Wednesday, January 23, 2013

GitHub blocked in China - how it happened, how to get around it, and where it will take us

What happened?

Update: On January 23, https://github.com was unblocked again.

On January 18, or possibly the day before (though our test data doesn’t cover this), the Great Firewall began to reset connections containing “*.github.com”. As a result, code sharing projects hosted on a subdomain of GitHub, such as aoxu.github.com, were blocked in China. The main GitHub website was mostly unaffected, for two reasons. Firstly, it’s hosted on github.com, without a subdomain. Secondly, it serves encrypted content only, thus preventing the Great Firewall from resetting connections based on keywords.
A day later, the block was extended through the inclusion of github.com, without subdomains, in the list of keywords causing connections to be reset. Chinese users could still access GitHub as long as they manually typed in https://github.com in their browser (notice the https). Strangely the www.github.com host was DNS poisoned, but not any other hosts. The www subdomain is not used by GitHub.
On January 21, DNS poisoning was extended to all github.com hosts including the root domain as well as all its subdomains. In effect, all of GitHub was blocked in China.
Interestingly, the blocking of GitHub has seemingly not been censored on social media. The keyword “github” has not been blocked on Sina Weibo, and we have not detected any deleted posts containing “github” on FreeWeibo.
For further information on how the blocking was introduced, including data references, see the Timeline at the end of this article.

Why oh why?

As always when online censorship in China changes, the first question asked is why.
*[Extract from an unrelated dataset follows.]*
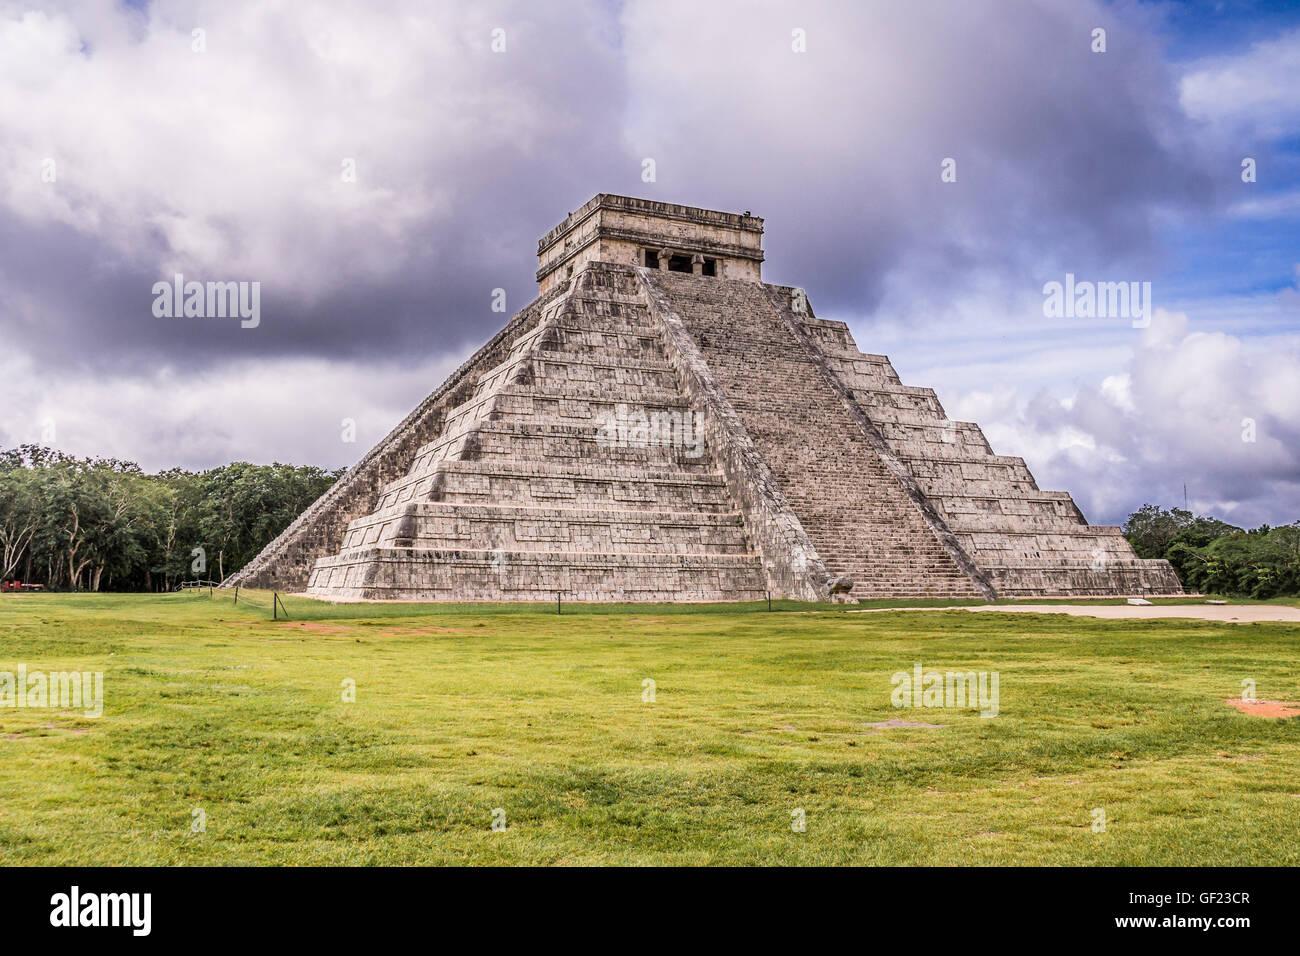 Maya pyramid Chichen Itza, Yucatan, Mexico - Stock Image
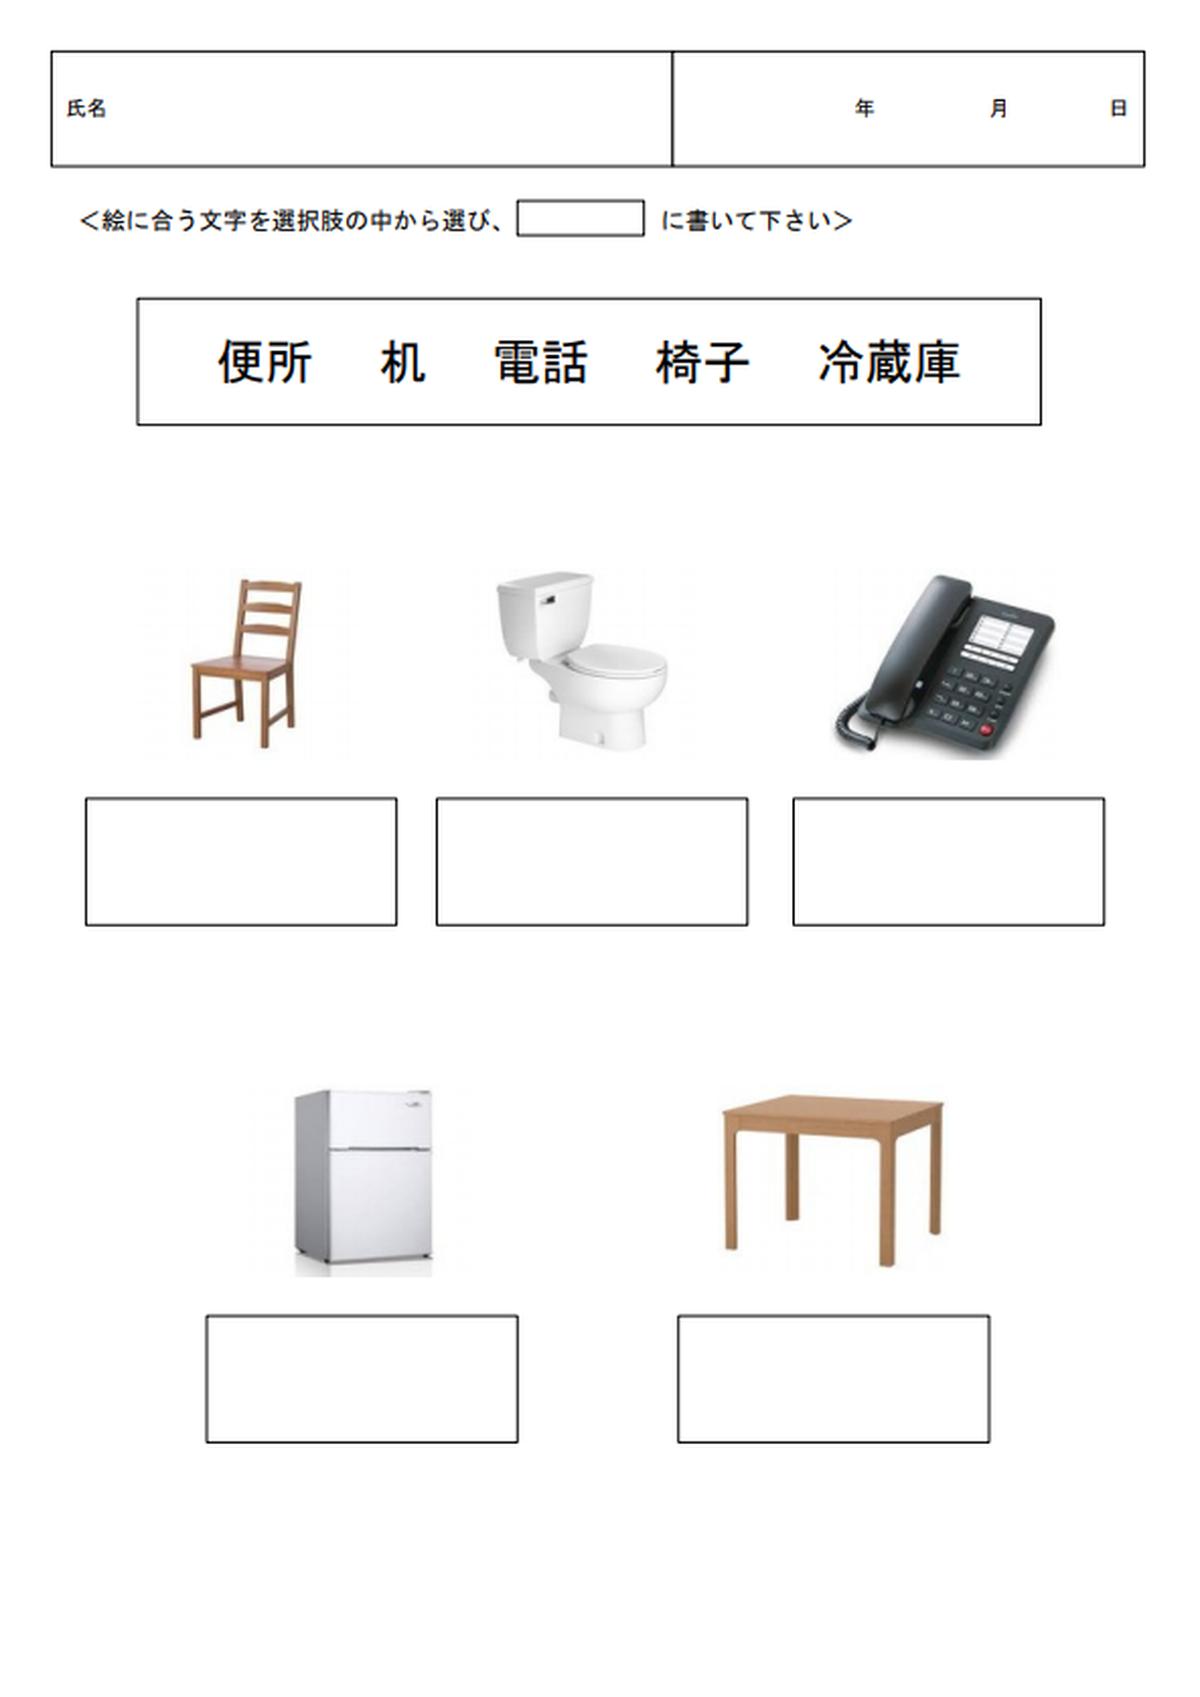 pdf コピペ 文字 半分

While we cannot be certain, it doesn’t stop us, or anyone else, from speculating.
Some have suggested that it may be because of the Mongol project, hosted on GitHub. Mongol is an open-source tool used to detect routers that block certain connections going out of China - in essence tracking where the Great Firewall is located. While such a tool may seem threatening from the point of view of the Chinese authorities, there are a few facts that make the blocking of Mongol seem unlikely: the tool was released a full month ago(link is external), the working principle of the software was released back in 2011 and the paper describing it is still not blocked.
Another theory is that the government jumped on the opportunity to block an all-encrypted file-sharing service which, though intended for code sharing, can also be used to share politically sensitive material. Other file sharing services have faced similar dilemmas in China, including Dropbox which was blocked in 2010. Was GitHub being used by activists to share information?

The train ticket theory

The most gripping tale though ties this story in with China’s annual mass migration during the new year holiday. Each year tens of millions of Chinese scramble to purchase a limited and insufficient number of train tickets so they can make the journey home to spend the holiday with their families. Train tickets in China can only be bought 18 days ahead of the planned journey. With tens of millions of people traveling home for the Spring Festival, getting hold of the right ticket is a real challenge. Failure can mean missing out on the often only once-a-year chance to meet up with the family.
With the increased use of the internet, however, a lot of ticket sales are done online via the government-run website 12306.cn. While waiting for the right ticket to go on sale, users will often reload a web page continuously. This is of course a problem easily solved by creative software developers. Several Chinese web browser providers rolled out add-ons(link is external)that automatically reload the government website and book the ticket as soon as it's available.
A particularly interesting add-on was called 12306_ticket_helper (https://github.com/iccfish/12306_ticket_helper(link is external), now deleted). The software was using files embedded on GitHub. It’s sudden popularity caused such a traffic load that GitHub temporarily went offline, and an employee sent an abuse complaint to 12306.cn(link is external). GitHub didn't know that it was actually the browser add-on that embedded the file, and not the 12306.cn website itself.
On January 18, at the same time that the GitHub block was introduced, the Ministry of Railways was said to be asking Kingsoft(link is external), one of the other browser providers, to disable their ticket-buying add-on. On the same day, the Ministry of Industry ordered all browser providers(link is external) to remove similar add-ons.
Is the GitHub block just a matter of the site being in the wrong place at the wrong time? It’s not inconceivable to think that when the Ministers of Railways and Industry say “dance” that everyone dances. After all of the accomplices who were involved in the ticket scandal made amends, it is likely that they looked further to see who else was involved and GitHub may have just found themselves caught in that net.
If this is true, then this episode does reveal something about the Chinese censorship mechanism. One of two things would have had to occur for GitHub to have been blocked. The person who has his finger on the censorship button had free reign to just censor what he thought needed to be censored (in relation to the ticket scandal) which would indicate that this civil servant does not have to jump through a lot of hoops when he thinks a site should be blocked. Another explanation is that the powers-that-be in the censorship bureau who gave the go-ahead to block GitHub are so incompetent that they could not comprehend the fallout related to closing down the site. They were either too lazy to investigate, too distracted to care or just plain oblivious to the role that GitHub plays for many developers across China.
Our tests indicate that the likely answer is a combination of the two theories above. At first the censors started resetting *.github.com but found that this was ineffective. So then they moved to a more comprehensive block when they understood that the first one was not working. Which would mean that the powers-that-be had no understanding of how GitHub works and the civil servant with his finger on the button can choose to push that button whenever he wants.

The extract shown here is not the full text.